Pakistan-New Zealand series is only shy of needed attention

Despite a steady stream of bad news surrounding the Black Caps' tour of the UAE, the teams have served up a feast for cricket fans, writes Osman Samiuddin
Dean Brownlie, right, of New Zealand bats during the fourth one-day international match against Pakistan at Sheikh Zayed Stadium on December 17, 2014 in Abu Dhabi. Francois Nel / Getty Images
Dean Brownlie, right, of New Zealand bats during the fourth one-day international match against Pakistan at Sheikh Zayed Stadium on December 17, 2014 in Abu Dhabi. Francois Nel / Getty Images

The guess is that even if this series had not occurred among the moping, dark shadows of tragedy, it would still have escaped most people’s radar.

That is reflective of the small world of cricket shrinking ever further. If it is not some permutation of Australia, India and England, it seems cricket is barely worth acknowledging or following any more.

But with the death of Phillip Hughes last month and the worst terrorist attack in Pakistan’s history a day before the fourth ODI, the series has felt increasingly like a footnote to the cruelty of life.

That is a shame because the entire tour has been whatever serves as the opposite analogy of watching paint dry – it has been so much of what modern cricket should be.

Above all, it has been competitive, so much so that on the cusp of the 10th and final match, both sides have won four, with one draw.

It has also hurled along on the exploits of as colourful a spectrum of player as is imaginable: Younis Khan, Brendon McCullum, Ross Taylor, Yasir Shah, Rahat Ali, Mark Craig, Tom Latham, Mohammed Irfan, Kane Williamson, Shahid Afridi, Sarfraz Ahmed, Haris Sohail, Adam Milne.

That list – across Tests and limited-overs games – offers as great a blend of orthodoxy and unorthodoxy as you could ask for – old with youth, smarts with instinct, opposite cultures.

Finally, on Friday, a decider.
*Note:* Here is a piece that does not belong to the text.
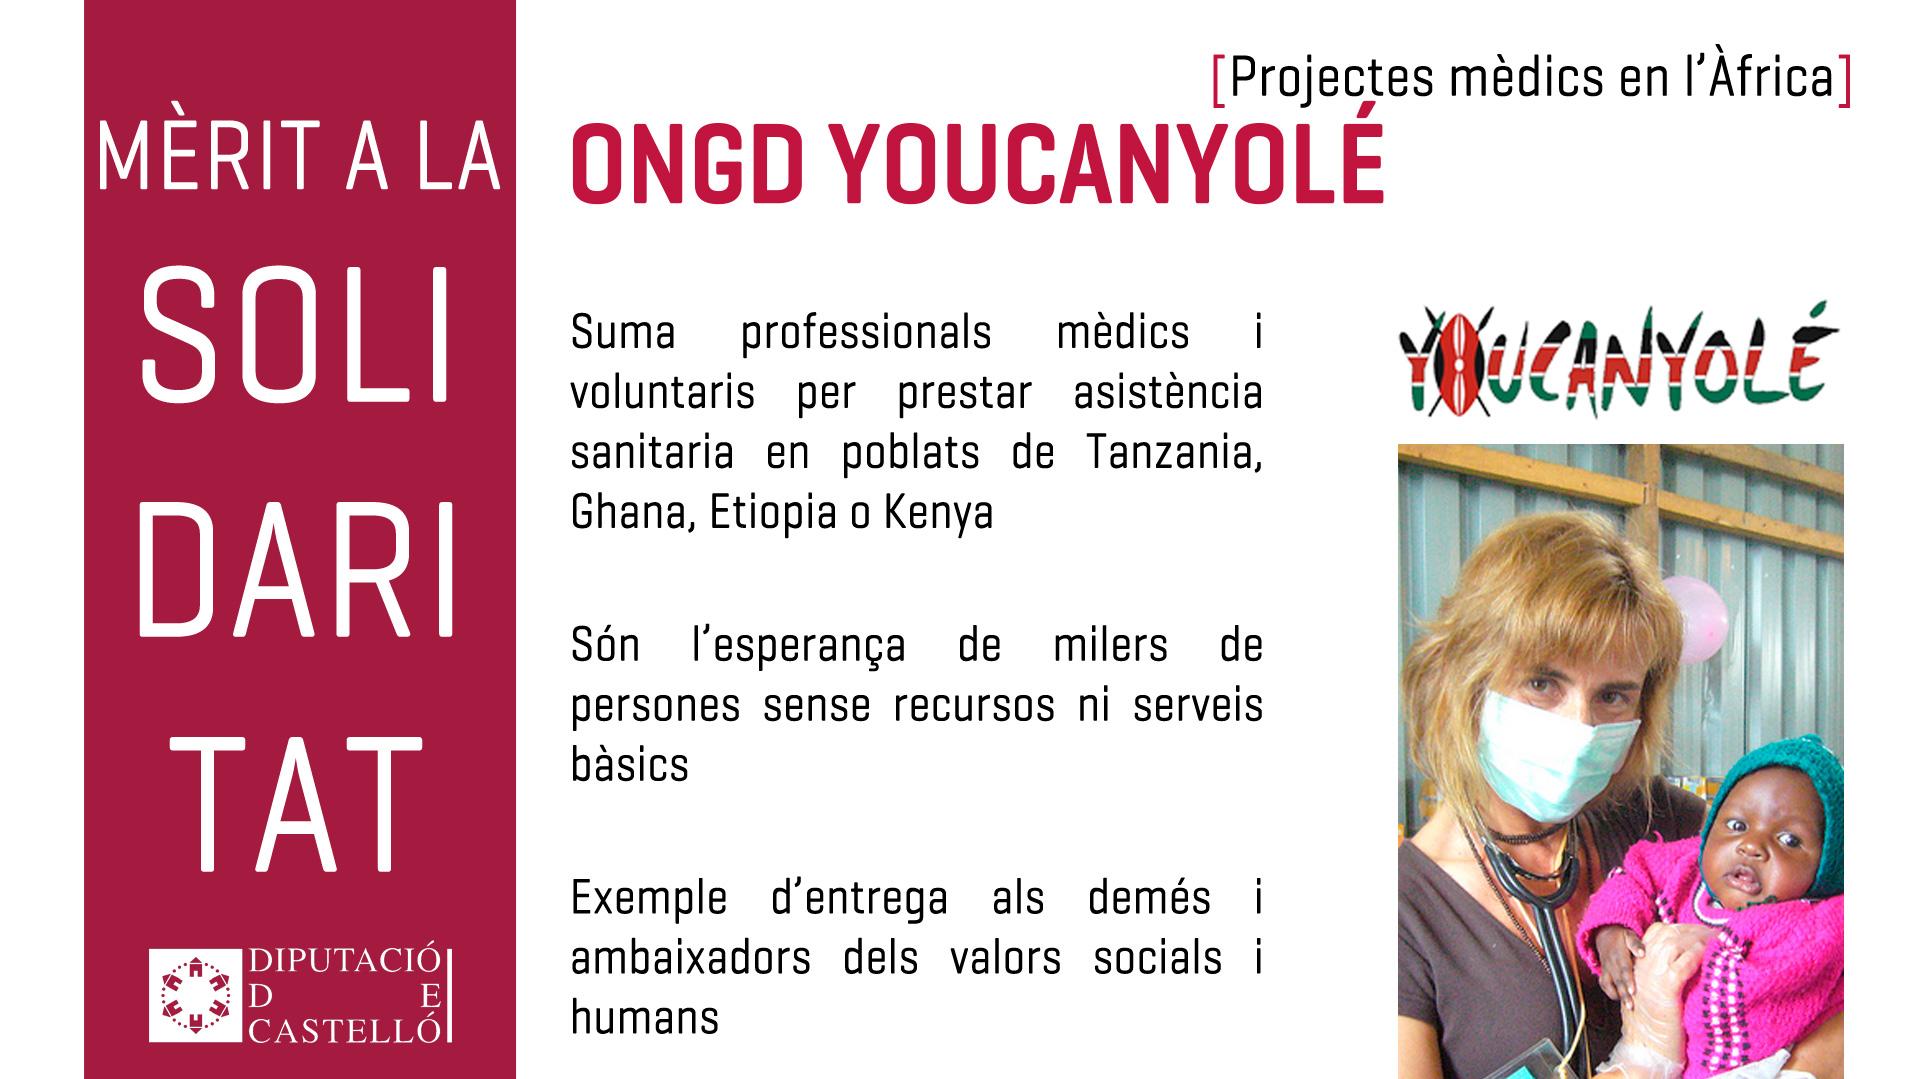 ONGD Youcanyole

At one level, a decider feels unfair.

With the tally one apiece in the Twenty20s, one apiece in the Tests and 2-2 in the ODIs, both sides deserve to walk out of this tour and say they did not lose it. A tie would be fitting.
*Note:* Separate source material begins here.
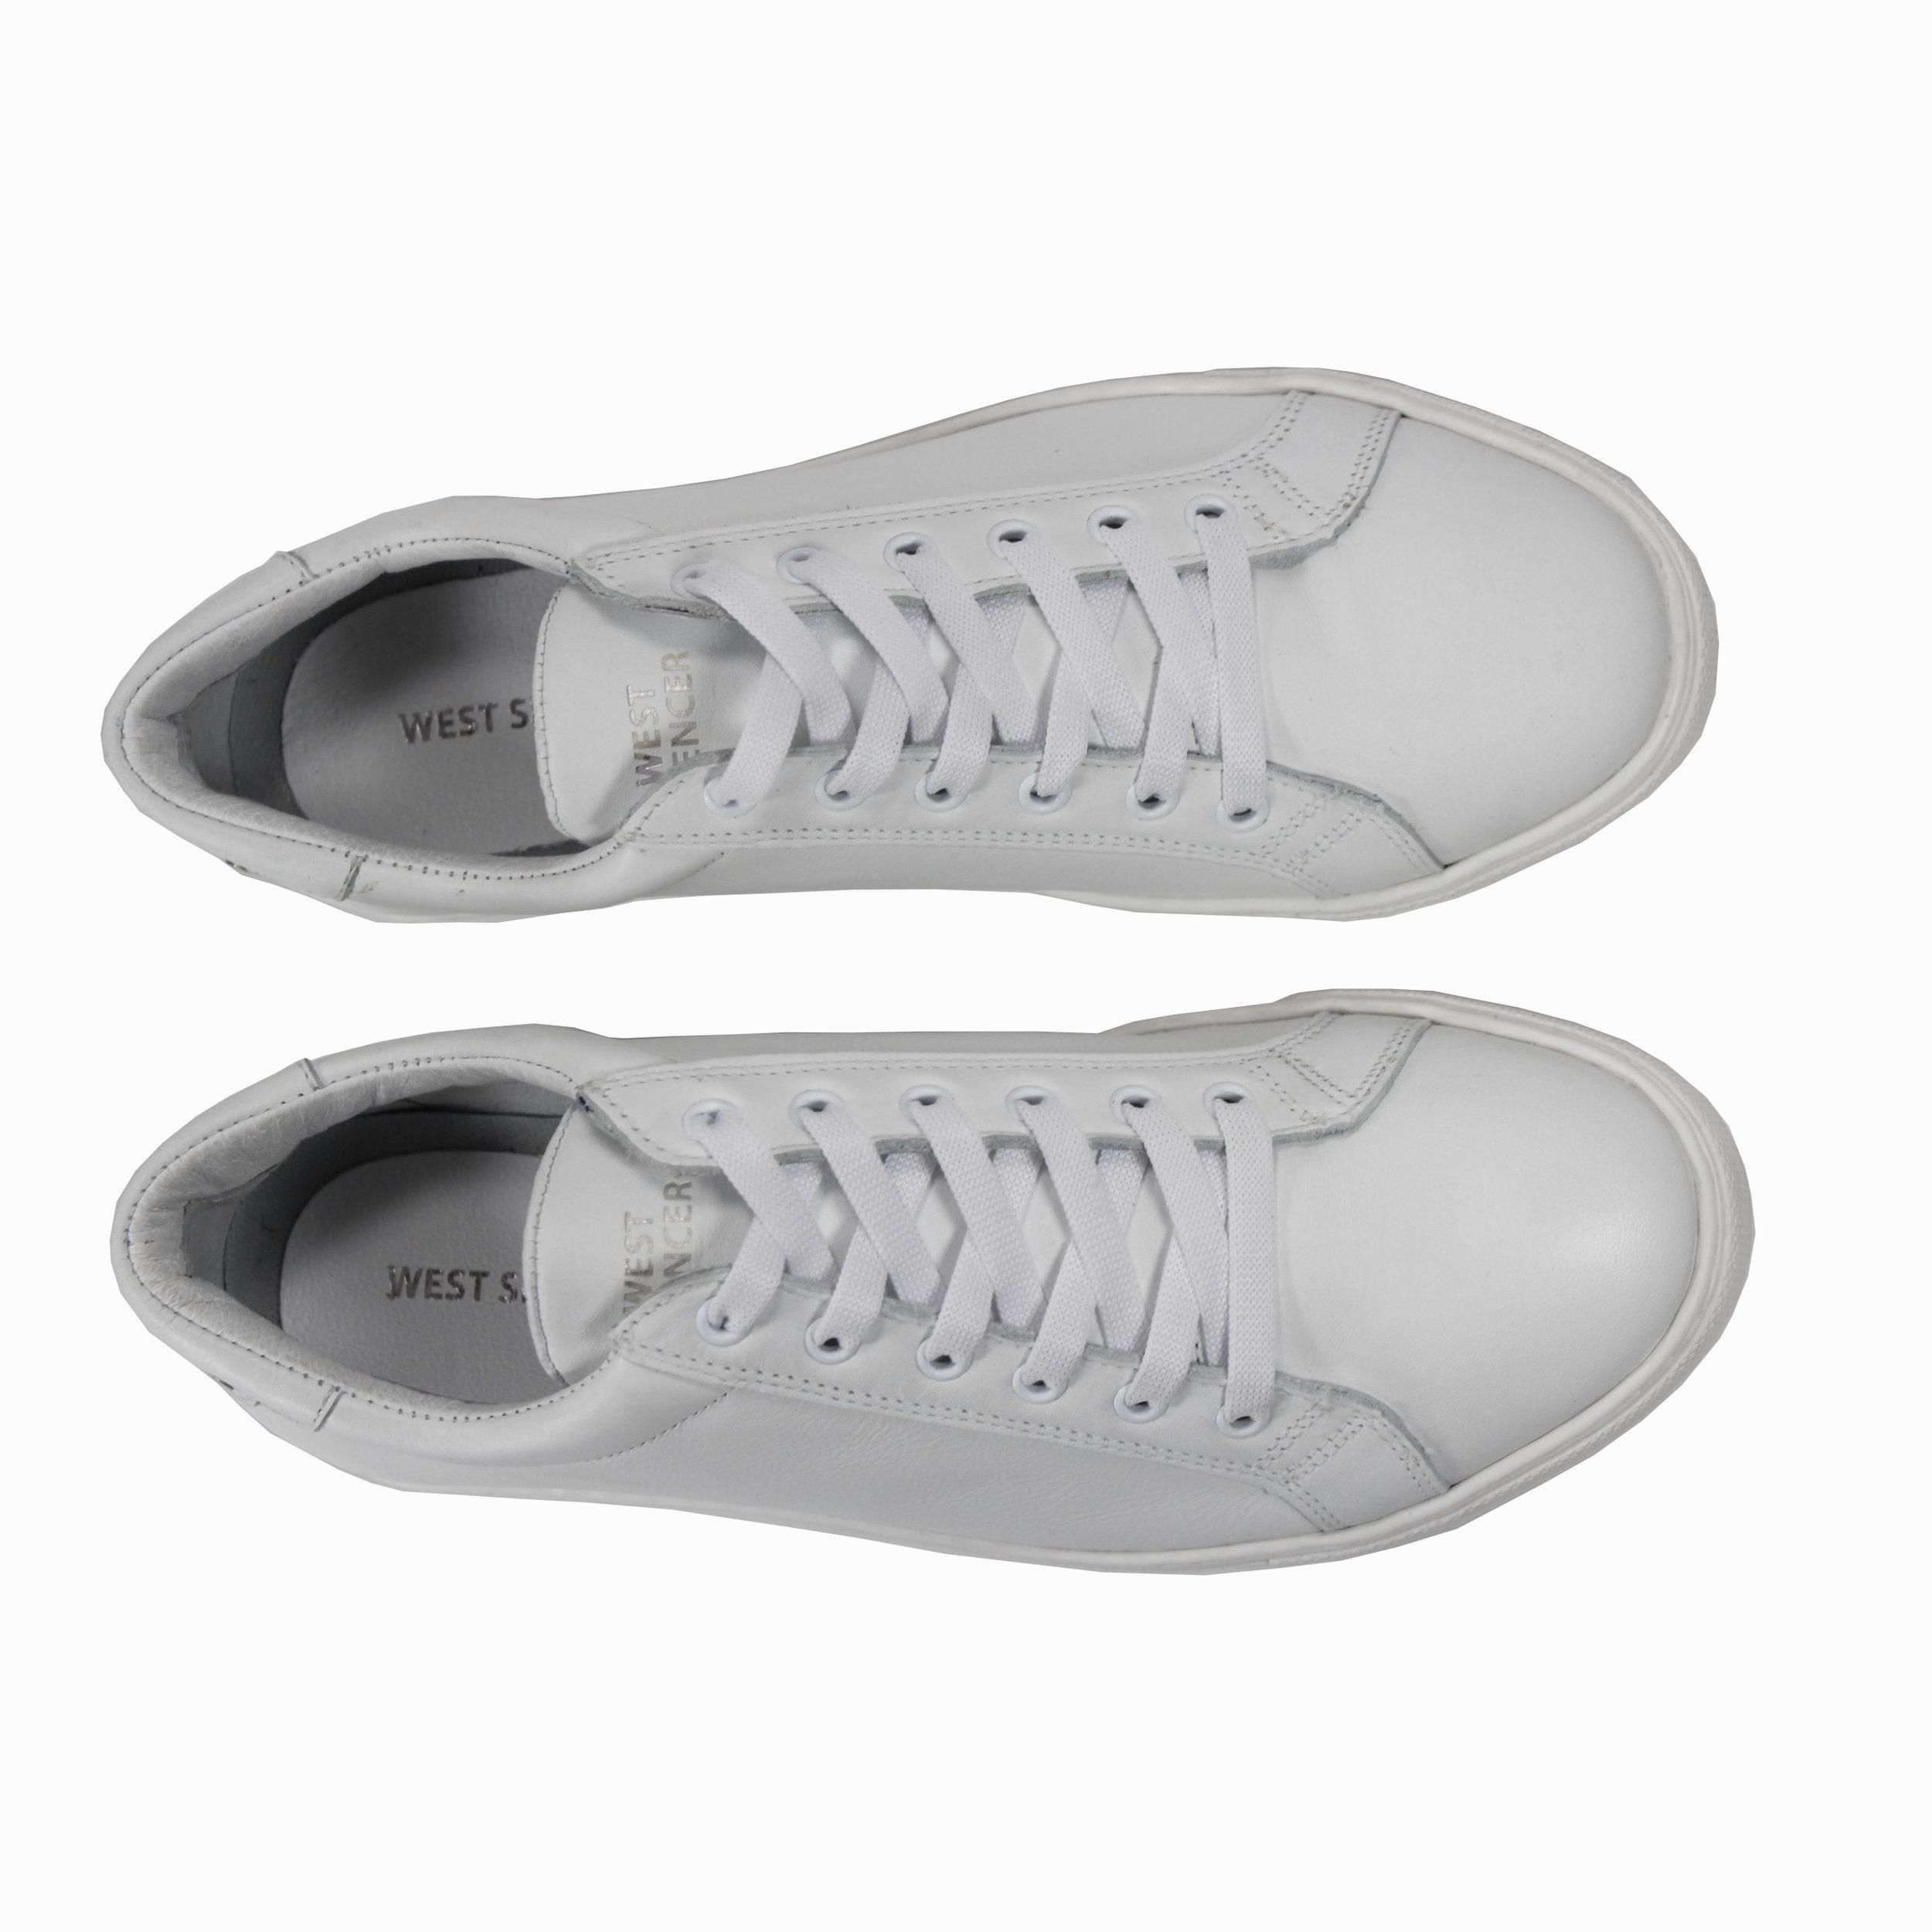 final shoe two top.jpg

The gut says that New Zealand might just edge it, and this is not because Pakistan might still be deflated from the events of Tuesday, or that New Zealand have some momentum in levelling the series after coming from behind yet again on Wednesday.

More accurately, it is the moment for a side on the rise that steers that call.
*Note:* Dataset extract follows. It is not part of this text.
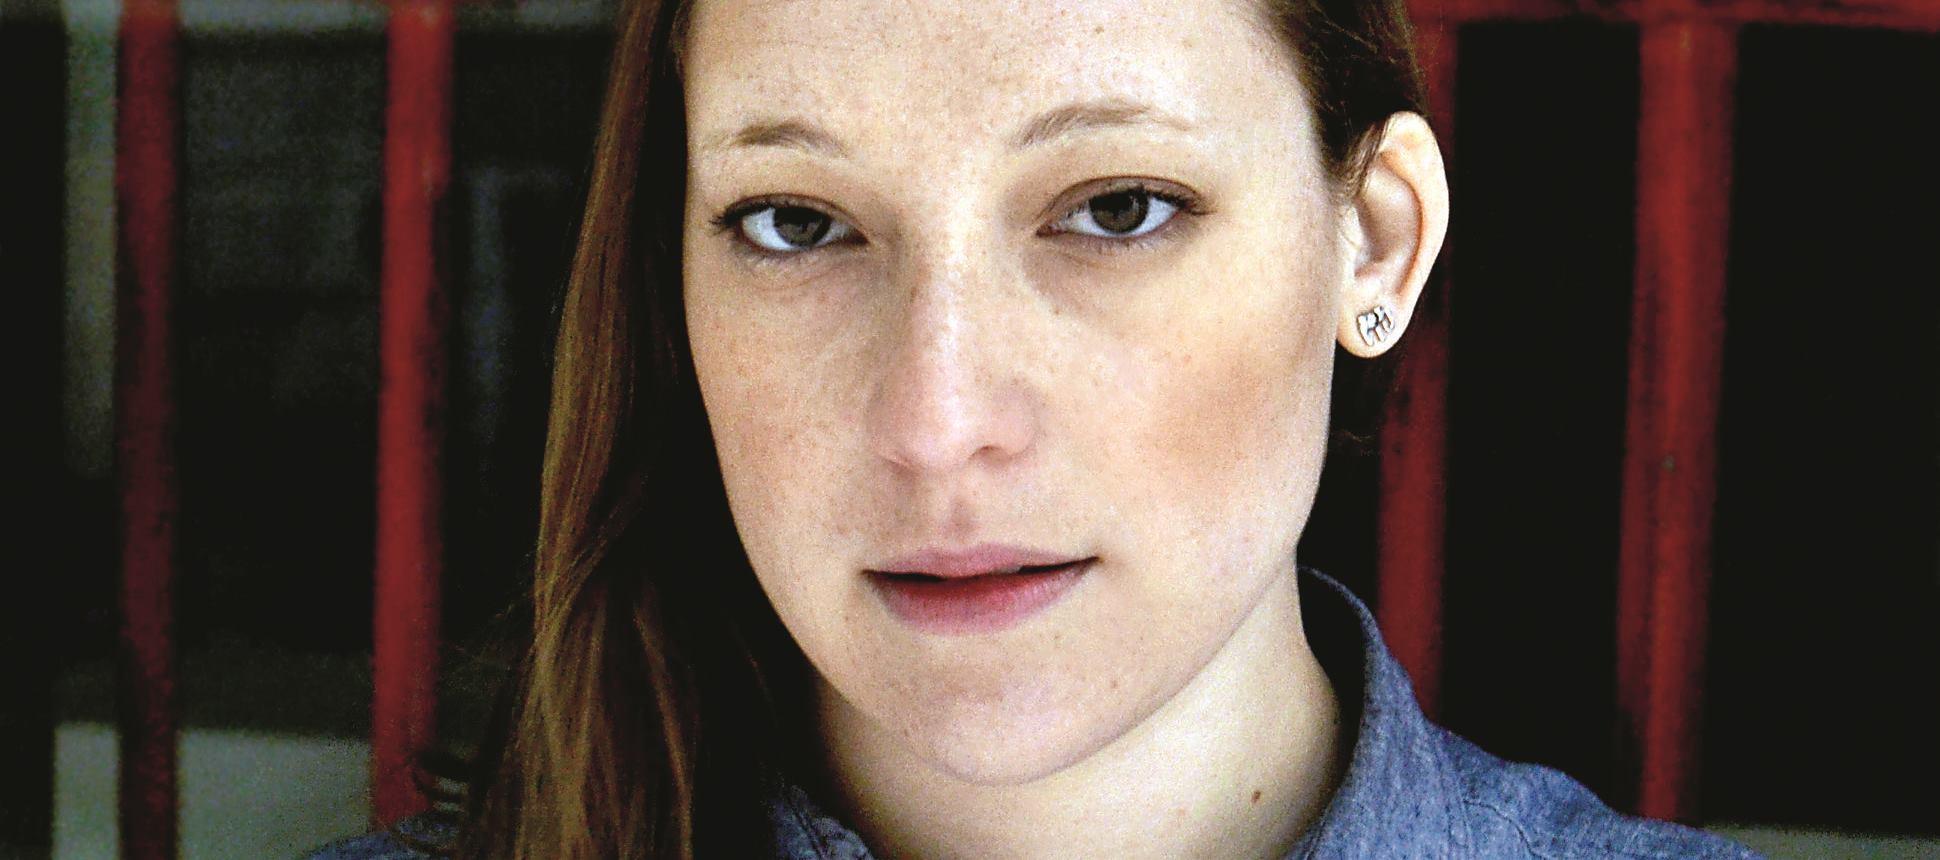 SARA NOVIĆ 'Američka hit-knjiga inspirira Amerikance da istažuju Domovinski rat'

Scott Styris, the former Kiwi all-rounder, thinks this World Cup may be a year too early for this New Zealand team, but their credentials cannot be dismissed so easily.

For instance, they have resources in pace to savour. They can afford to rest Tim Southee and Trent Boult from this series and still compete.

They can also afford to – as Williamson did on Wednesday – play down the electric potential of Milne.

Their top order could do with similar depth, but in familiar conditions they should thrive.

Pakistan are lucky to be able to even put out an XI. Each new day seems to bring a new enforced absence.

Just from the first-choice players who are missing from this match, cricket could have an 11th, competitive, full member.

They have played this ODI series with their least dynamic batting order and an inherently unstable XI. Yet they stand equal, having got by purely on their ability to be Pakistan – that is, their ability to win contrarily, as if to be deliberately obtuse about the point.

More prosaically, it is worth glancing at Pakistan’s record in deciding games of one-day series in recent years. Since 2003, in the final match of a series tied at 1-1 or 2-2, Pakistan have lost 11 of 12, with their only win against Zimbabwe in 2013.

That is a remarkable and telling record of their one-day fortunes and, for now, an ominous portent.